1. Het verloop van het geding

Het klaagschrift met bijlagen is ontvangen op 10 december 2010. De arts heeft op de klacht gereageerd, waarna partijen hebben gerepliceerd, respectievelijk gedupliceerd. Partijen hebben geen gebruik gemaakt van de gelegenheid om in het vooronderzoek mondeling te worden gehoord. De mondelinge behandeling door het College heeft plaatsgevonden ter openbare zitting van 24 januari 2012. Partijen zijn verschenen en hebben hun standpunten mondeling toegelicht. Klaagster werd bijgestaan door mr. I.A.C.M. Bodelier-van Breugel. De arts werd bijgestaan door mr. O.L. Nunes, advocaat te Utrecht, die pleitnotities heeft overgelegd.

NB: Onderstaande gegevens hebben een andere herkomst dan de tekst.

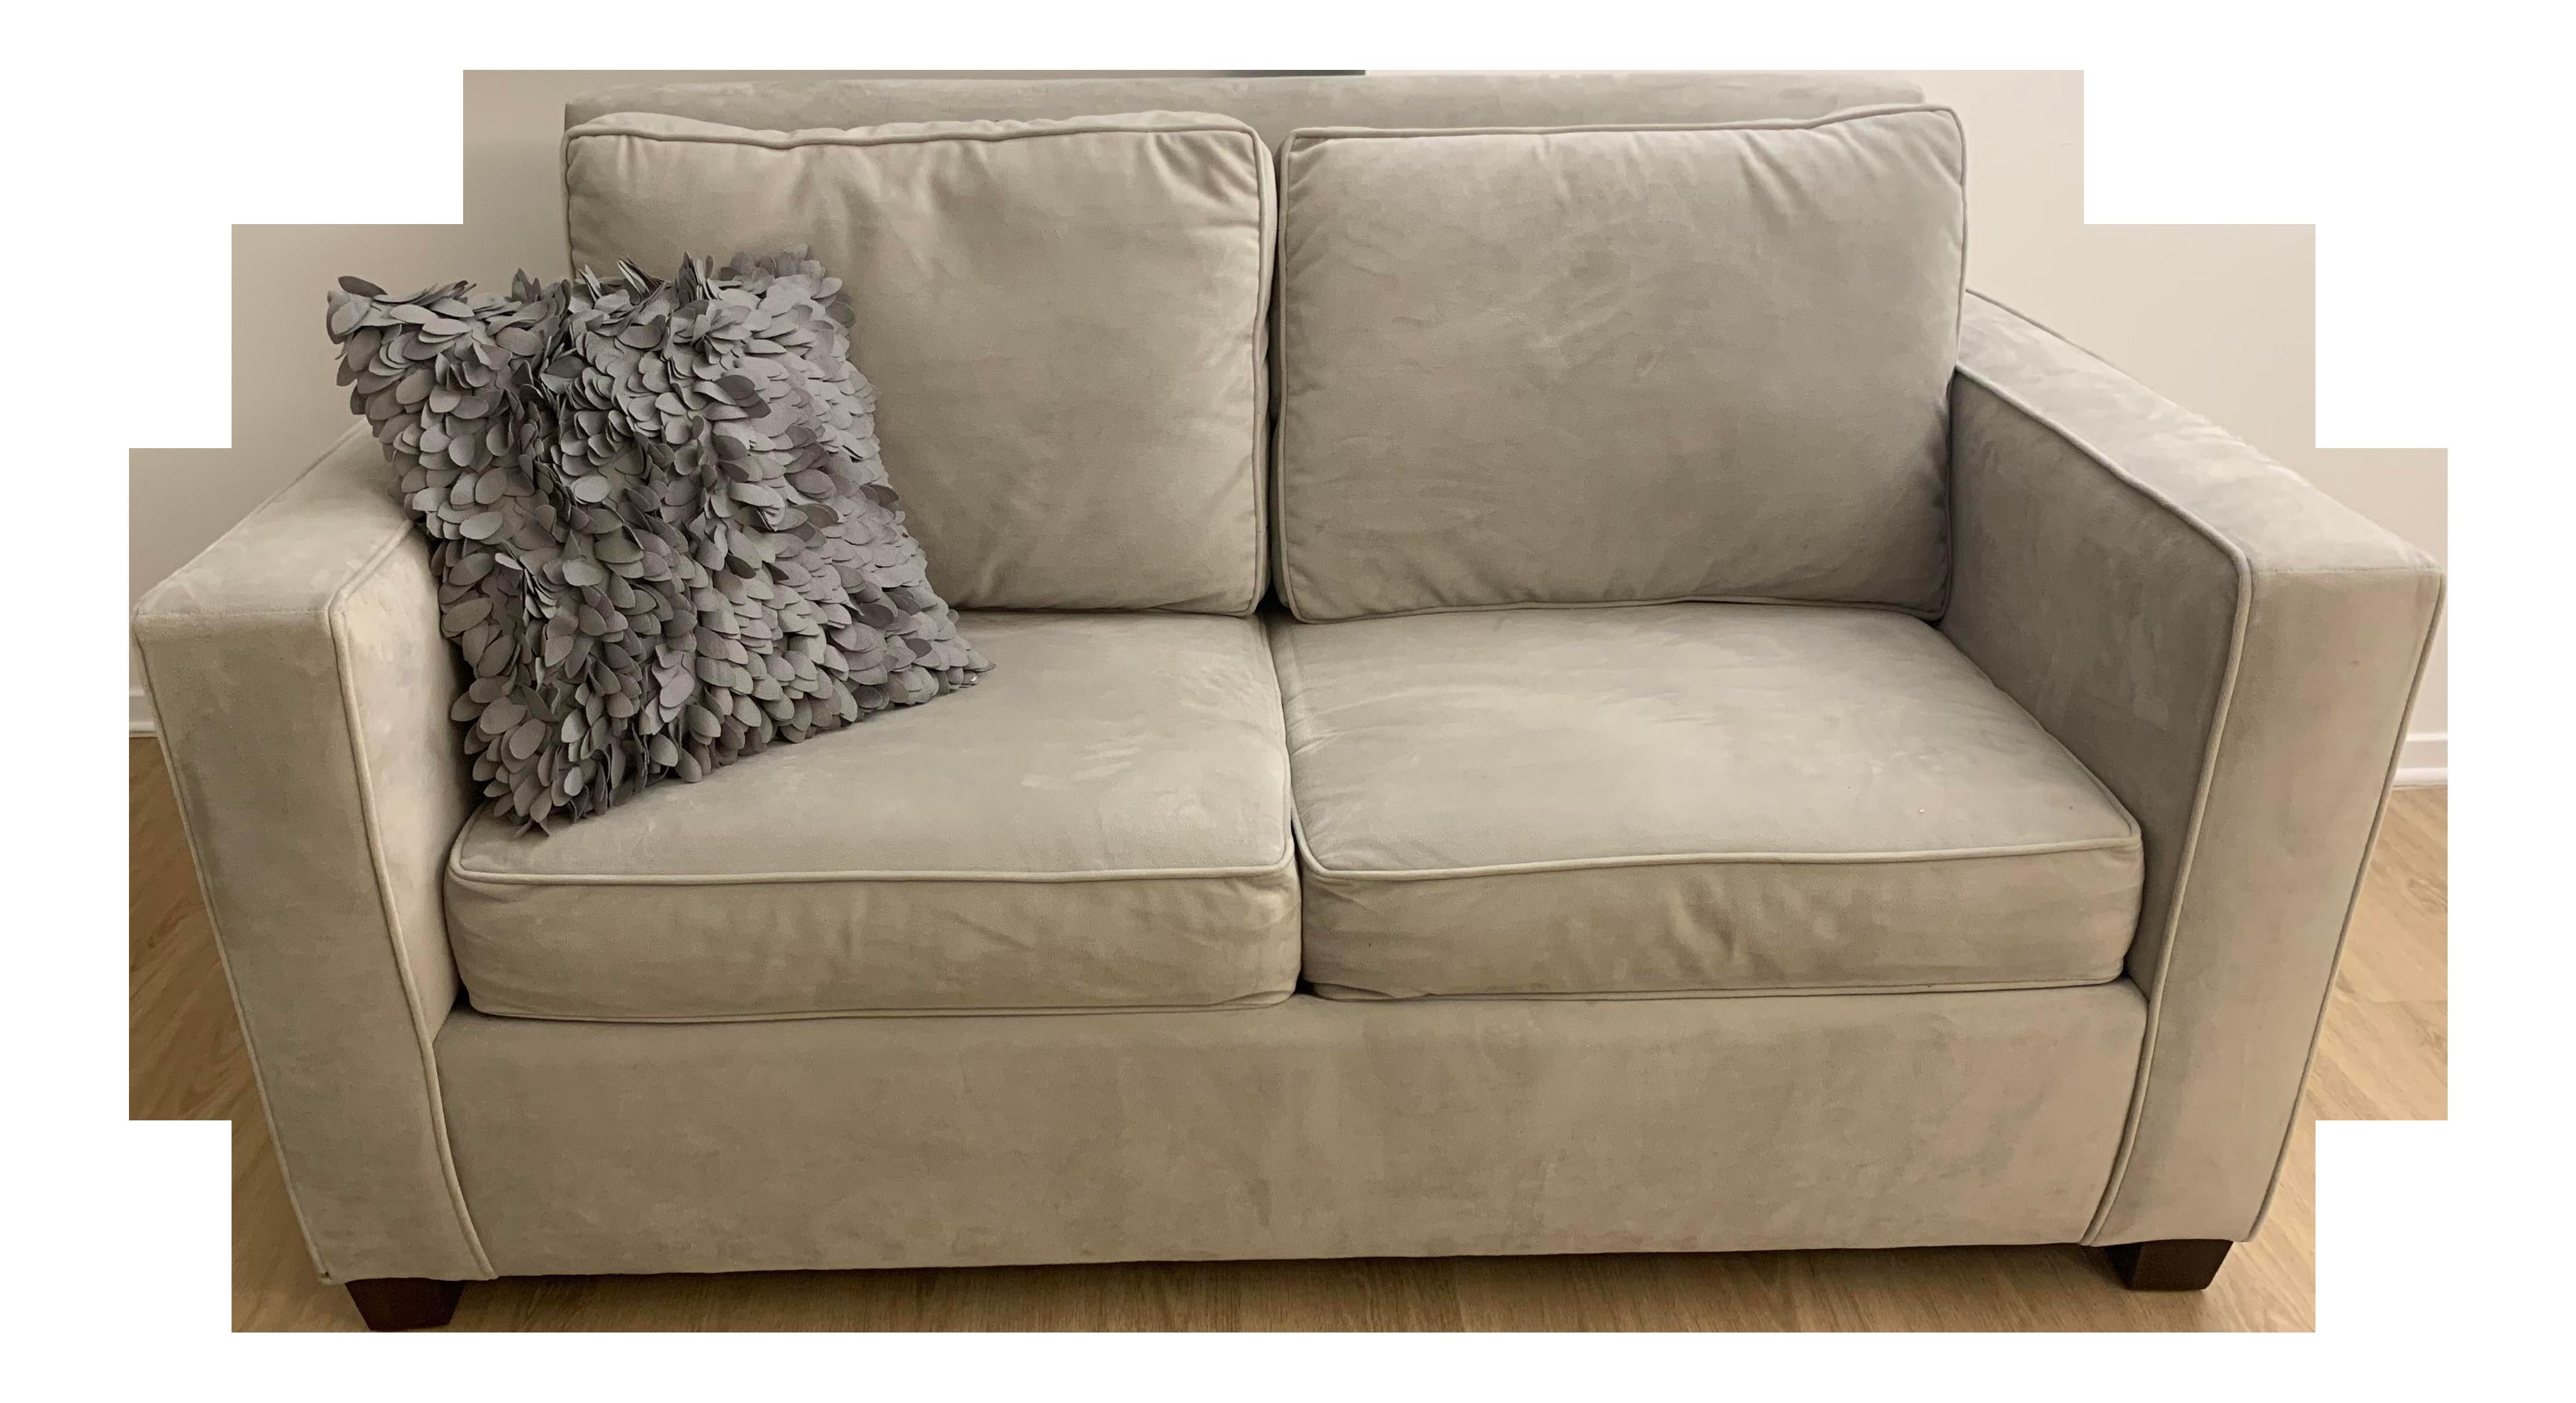 Prime West Elm Performance Velvet Loveseat Sleeper Sofa Beatyapartments Chair Design Images Beatyapartmentscom
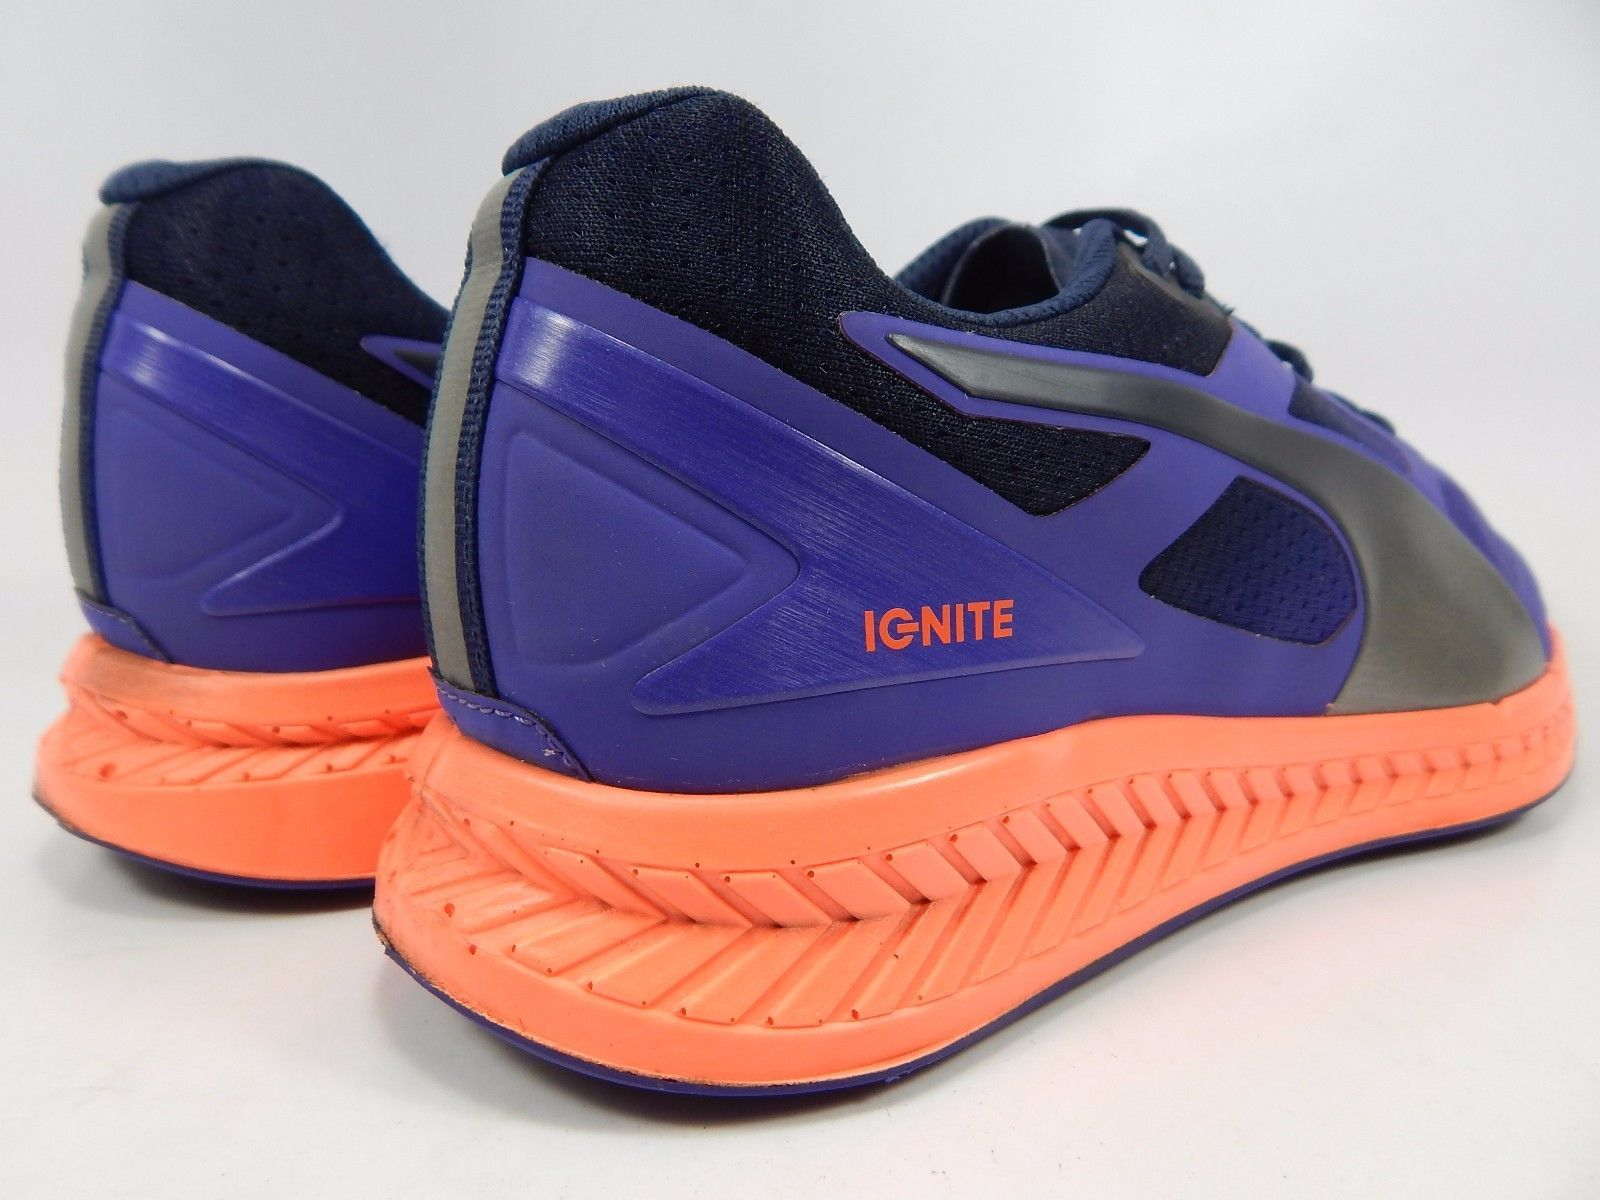 Puma Ignite Women's Running Shoes Size US 10 M (B) EU 41 Purple Orange

Voorts werden de volgende personen als getuige gehoord:

-                 E, echtgenoot van klaagster, zonder beroep;

-                 F, dochter van klaagster, doktersassistente;

-                 G, verpleegkundige;

-                 H, verpleegkundige.

2. De feiten

2.1     Klaagster, was zwanger van haar vierde kind en uitgerekend op 17 januari 2008 (volgens de echo 9 januari 2008). De zwangerschap verliep zonder complicaties. Op 14 december 2007 werd zij voor het laatst door de verloskundige onderzocht. Er werden geen afwijkingen geconstateerd.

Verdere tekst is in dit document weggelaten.